- **Assigned task**: Transcribe the stretch of entries below from the line with "ハードロック系のリフの未再生の波形" through the line with "Иллюстрация персонажа - дизайнер rafaelart", exactly and with both ends included; leave out all other lines.

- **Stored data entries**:

== Segment start ==

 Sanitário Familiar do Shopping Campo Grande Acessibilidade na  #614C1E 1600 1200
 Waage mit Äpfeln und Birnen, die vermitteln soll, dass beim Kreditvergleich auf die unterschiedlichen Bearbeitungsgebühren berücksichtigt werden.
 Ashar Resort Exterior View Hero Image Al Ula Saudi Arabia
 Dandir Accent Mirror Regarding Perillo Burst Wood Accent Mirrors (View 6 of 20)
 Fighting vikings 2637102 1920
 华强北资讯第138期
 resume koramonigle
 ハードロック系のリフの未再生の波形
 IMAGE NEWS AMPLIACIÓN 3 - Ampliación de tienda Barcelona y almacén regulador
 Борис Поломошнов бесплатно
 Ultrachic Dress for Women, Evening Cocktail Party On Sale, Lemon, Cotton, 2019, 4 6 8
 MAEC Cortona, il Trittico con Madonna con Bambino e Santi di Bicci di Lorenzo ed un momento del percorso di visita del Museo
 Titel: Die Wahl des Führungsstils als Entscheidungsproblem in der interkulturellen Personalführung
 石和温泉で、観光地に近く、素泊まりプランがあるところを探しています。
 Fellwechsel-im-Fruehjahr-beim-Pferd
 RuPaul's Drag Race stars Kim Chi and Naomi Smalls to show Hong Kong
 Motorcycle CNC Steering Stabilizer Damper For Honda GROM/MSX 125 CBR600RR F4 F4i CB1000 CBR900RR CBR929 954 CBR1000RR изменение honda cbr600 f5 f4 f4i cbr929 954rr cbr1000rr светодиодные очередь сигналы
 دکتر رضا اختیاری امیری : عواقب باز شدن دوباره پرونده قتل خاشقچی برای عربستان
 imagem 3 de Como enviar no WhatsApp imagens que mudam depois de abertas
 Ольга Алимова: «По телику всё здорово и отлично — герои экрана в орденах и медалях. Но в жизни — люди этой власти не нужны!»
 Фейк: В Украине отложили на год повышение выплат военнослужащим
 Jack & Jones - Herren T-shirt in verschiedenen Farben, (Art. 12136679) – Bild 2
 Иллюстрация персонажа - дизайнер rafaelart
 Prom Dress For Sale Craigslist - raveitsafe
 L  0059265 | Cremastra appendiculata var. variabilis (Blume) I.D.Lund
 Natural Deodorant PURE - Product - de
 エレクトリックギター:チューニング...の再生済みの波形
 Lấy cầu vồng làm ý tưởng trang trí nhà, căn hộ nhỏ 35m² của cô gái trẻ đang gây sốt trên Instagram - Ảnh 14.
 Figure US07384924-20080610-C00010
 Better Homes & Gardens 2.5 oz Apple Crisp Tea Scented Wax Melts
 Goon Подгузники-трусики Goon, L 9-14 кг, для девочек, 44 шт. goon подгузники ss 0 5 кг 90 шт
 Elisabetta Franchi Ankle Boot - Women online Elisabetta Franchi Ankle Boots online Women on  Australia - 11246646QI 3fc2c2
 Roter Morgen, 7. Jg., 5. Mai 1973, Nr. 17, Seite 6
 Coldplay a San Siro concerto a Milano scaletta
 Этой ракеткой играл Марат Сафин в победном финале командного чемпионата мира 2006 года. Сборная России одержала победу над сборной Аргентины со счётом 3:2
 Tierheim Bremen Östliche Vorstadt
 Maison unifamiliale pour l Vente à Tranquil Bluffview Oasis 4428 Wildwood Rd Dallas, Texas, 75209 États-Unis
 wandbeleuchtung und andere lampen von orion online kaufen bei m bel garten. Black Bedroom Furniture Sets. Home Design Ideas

== Segment end ==

- **Answer to the problem**:
 ハードロック系のリフの未再生の波形
 IMAGE NEWS AMPLIACIÓN 3 - Ampliación de tienda Barcelona y almacén regulador
 Борис Поломошнов бесплатно
 Ultrachic Dress for Women, Evening Cocktail Party On Sale, Lemon, Cotton, 2019, 4 6 8
 MAEC Cortona, il Trittico con Madonna con Bambino e Santi di Bicci di Lorenzo ed un momento del percorso di visita del Museo
 Titel: Die Wahl des Führungsstils als Entscheidungsproblem in der interkulturellen Personalführung
 石和温泉で、観光地に近く、素泊まりプランがあるところを探しています。
 Fellwechsel-im-Fruehjahr-beim-Pferd
 RuPaul's Drag Race stars Kim Chi and Naomi Smalls to show Hong Kong
 Motorcycle CNC Steering Stabilizer Damper For Honda GROM/MSX 125 CBR600RR F4 F4i CB1000 CBR900RR CBR929 954 CBR1000RR изменение honda cbr600 f5 f4 f4i cbr929 954rr cbr1000rr светодиодные очередь сигналы
 دکتر رضا اختیاری امیری : عواقب باز شدن دوباره پرونده قتل خاشقچی برای عربستان
 imagem 3 de Como enviar no WhatsApp imagens que mudam depois de abertas
 Ольга Алимова: «По телику всё здорово и отлично — герои экрана в орденах и медалях. Но в жизни — люди этой власти не нужны!»
 Фейк: В Украине отложили на год повышение выплат военнослужащим
 Jack & Jones - Herren T-shirt in verschiedenen Farben, (Art. 12136679) – Bild 2
 Иллюстрация персонажа - дизайнер rafaelart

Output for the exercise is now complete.